How about get a smaller size of each? They're both so fantastic!


----------



## sujusarangx3 (Jan 5, 2011)

OMG GIRLIE I'M IN THE SAME SITUATION AS YOU. I've been contemplating between Princess and Daisy for TWO WHOLE FRIGGIN months because I couldn't shell out $80 TWICE lol. In the end I got both as Christmas presents, and I must say, I still cannot decide between the two of them. I was gonna get the rollerballs from Sephora for $20 but hey, packaging played a huge part in picking these two out from the rest and they wouldn't be as special in plain rollerballs. I definitely recommend getting both though, sorry if this doesn't solve your problem. I mean if I have both and I still can't decide which I like better.. I think that's a big statement. Or just wait for sales?
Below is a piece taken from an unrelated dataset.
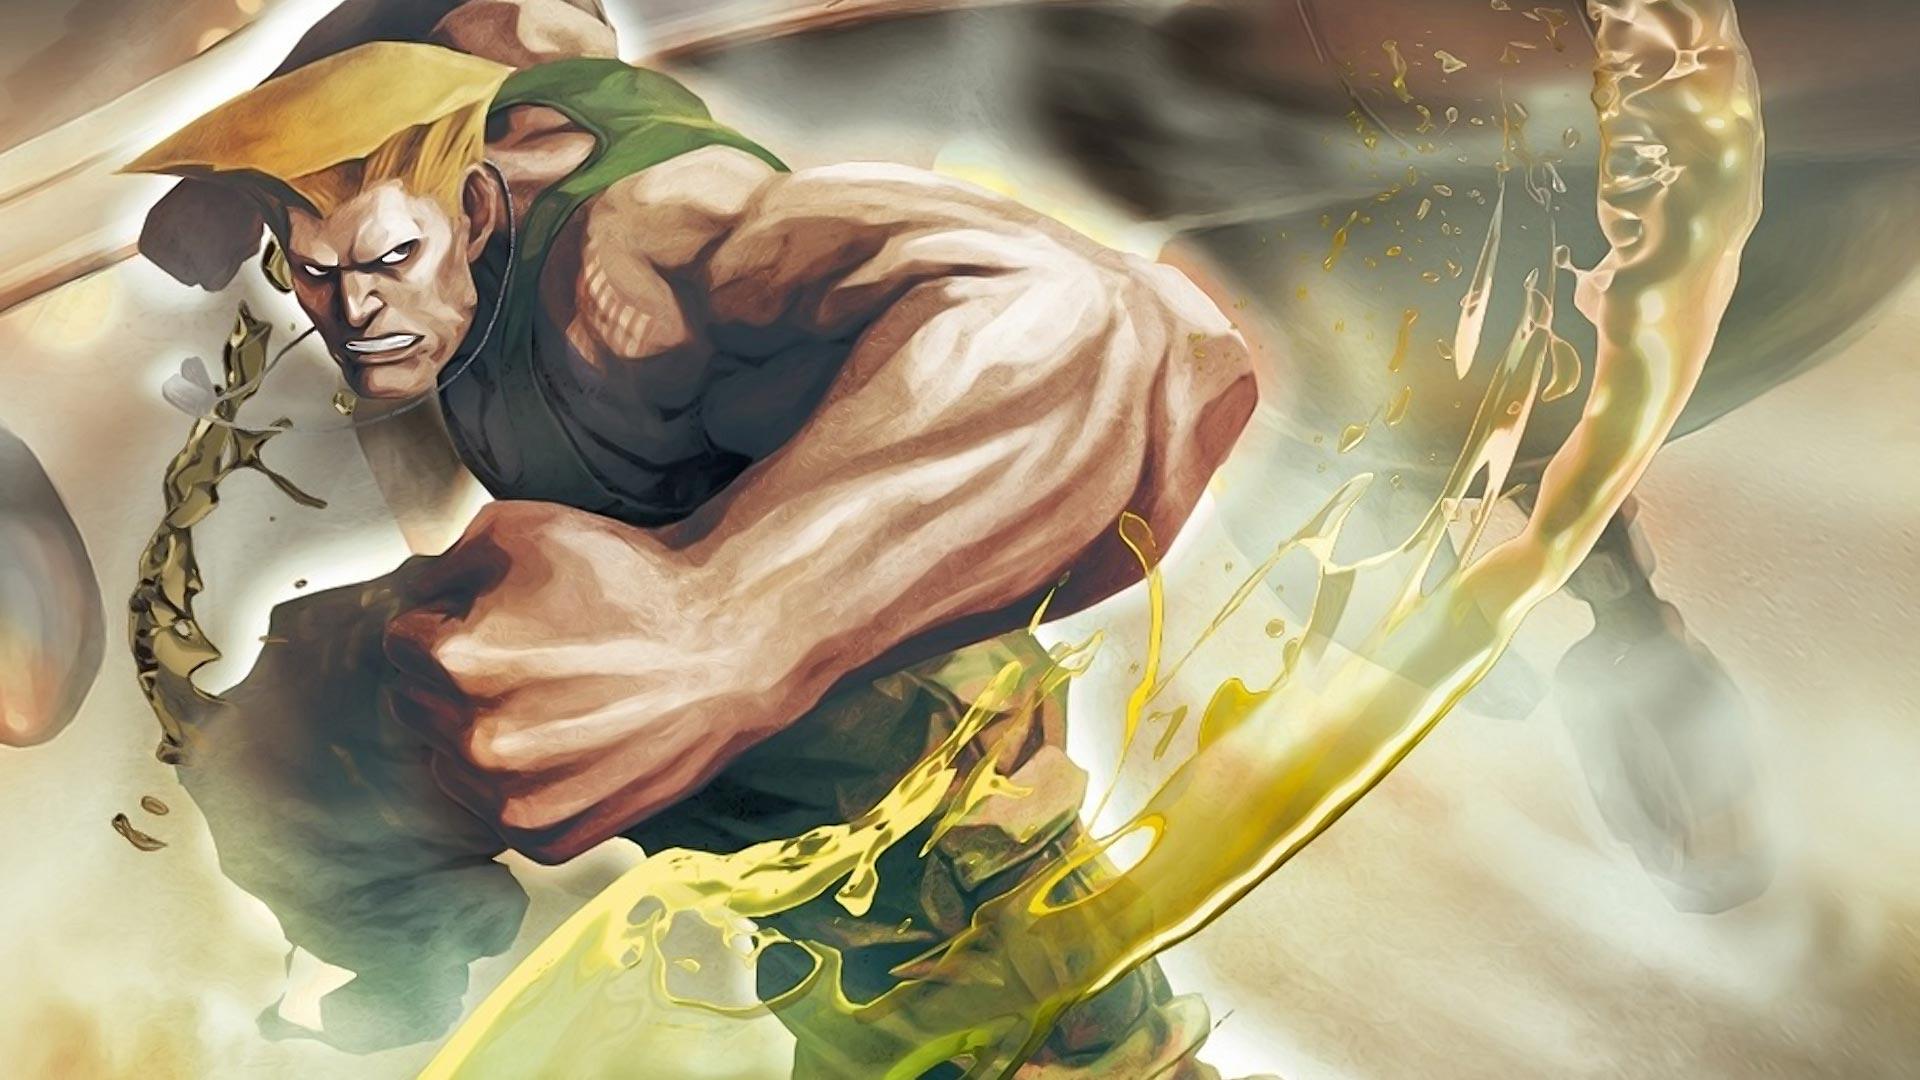 Street Fighter X Tekken HD Wallpaper | Background Image ...

Perfumania has 25% offs and free shipping deals alot. :] Good luck!


----------



## pinkiecharm (Feb 12, 2011)

i would probably have to say i would buy marc jacobs daisy i love that one, it was the first perfume my dad ever bought me, its also my boyfrieds fave one on me, if your in the uk and you buy the perfume from debenhams you get points so you end up being able to get a £5 voucher off them


----------